Como ves, las definiciones de borderline son confusas y no
gozan de ningún criterio que las unifique más allá de la cuantificación
intelectual. En cualquier caso, la distancia que separa el retraso mental de la
inteligencia límite es del todo arbitraria y cambia en función del catálogo de
anomalías consultado. Los procurados por ciertas instancias estuvieron
incorporando los límites en la categoría de los retrasados mentales: la OMS, a través del ICD-8, la AAMR, hasta 1973, y el
DSM-II. Revisiones ulteriores de los mismos manuales deponían los límites del
capítulo de los retrasos mentales: los ICD-9 y 10, los DSM-III y IV y la
AAMR desde 1993.
Los problemas que ha de sufrir un borderline son de orden
adaptativo y son las mismas que deben sufrir quienes, según el DSM-IV, son
deficientes mentales, o sea: limitaciones significativas en al menos dos de las
siguientes áreas de habilidades: comunicación, cuidado de sí mismo, vida
doméstica, habilidades sociales / interpersonales, utilización de recursos
comunitarios, autocontrol, habilidades académicas funcionales, trabajo, ocio,
salud y seguridad.
Dentro de la esfera legal nos encontramos ante una
incapacitación no reconocida oficialmente como tal, y no se les reconocen como
destinatarios de atenciones especiales ni de ventajas sociales de ningún tipo.

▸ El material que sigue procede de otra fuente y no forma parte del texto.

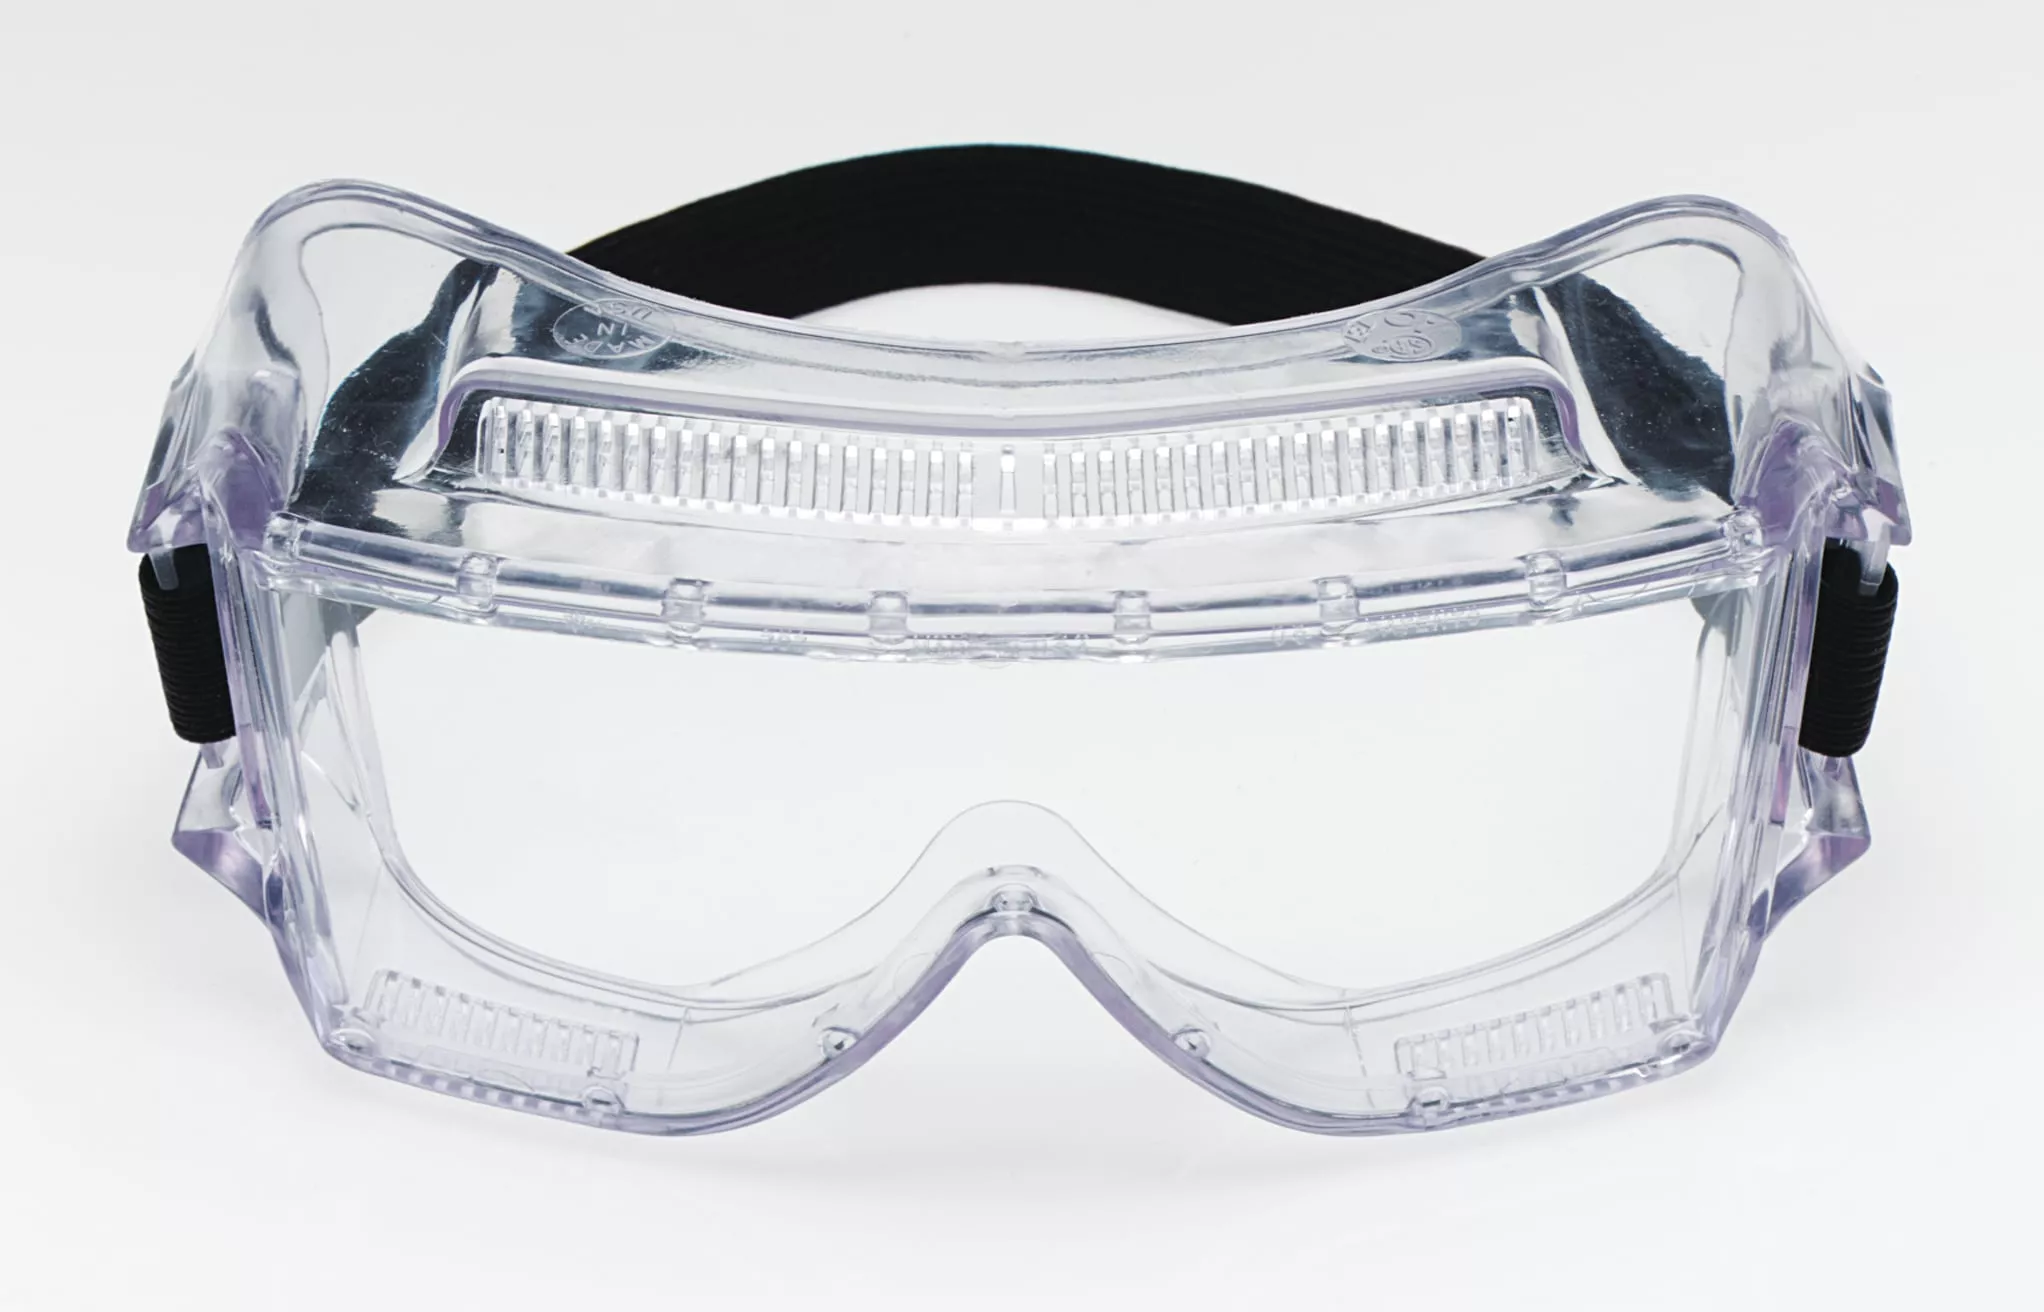 3M™ Centurion™ Impact Safety Goggles 452 40300-00000-10, Clear Lens, 10
ea/Case

No resultan distinguibles del resto de la gente. Son personas que reciben la
consideración de masa pusilánimes, perezosas, lentas, inmaduras,
irresponsables, infantiles, agresivas, chapuceras, un poco tontos ... De hecho,
ni siquiera es adecuado hablar de un síndrome específico y la medicina sólo los
reconoce y los trata como un problema derivado o asociado a diferentes
patologías que sí gozan de criterios de valoración específicos y establecidos
claramente. Casi todos los manuales de defectología mental hacen suyo el
criterio emitido por la OMS, a propósito de que los límites no deben ser
categorizados como deficientes mentales, pero, al mismo tiempo, no dejan nunca
de incluirlos en sus inventarios de minusvalías mentales. No lo son, pero están
ahí.
Es un ejemplo. Por cierto, si te
interesan los usos perversos del DSM te recomiendo un artículo de quien ya te
he mencionado, mi buen amigo Ángel Martínez Hernaéz, «Anatomía de una ilusión. El DSM-IVB y la
biologización de la cultura», en E. Perdiguero y J. M. Comelles (eds.), Medicina y cultura. Estudios entre la
antropología y la medicina, Bellaterra, Barcelona, 2000, pp. 249-275.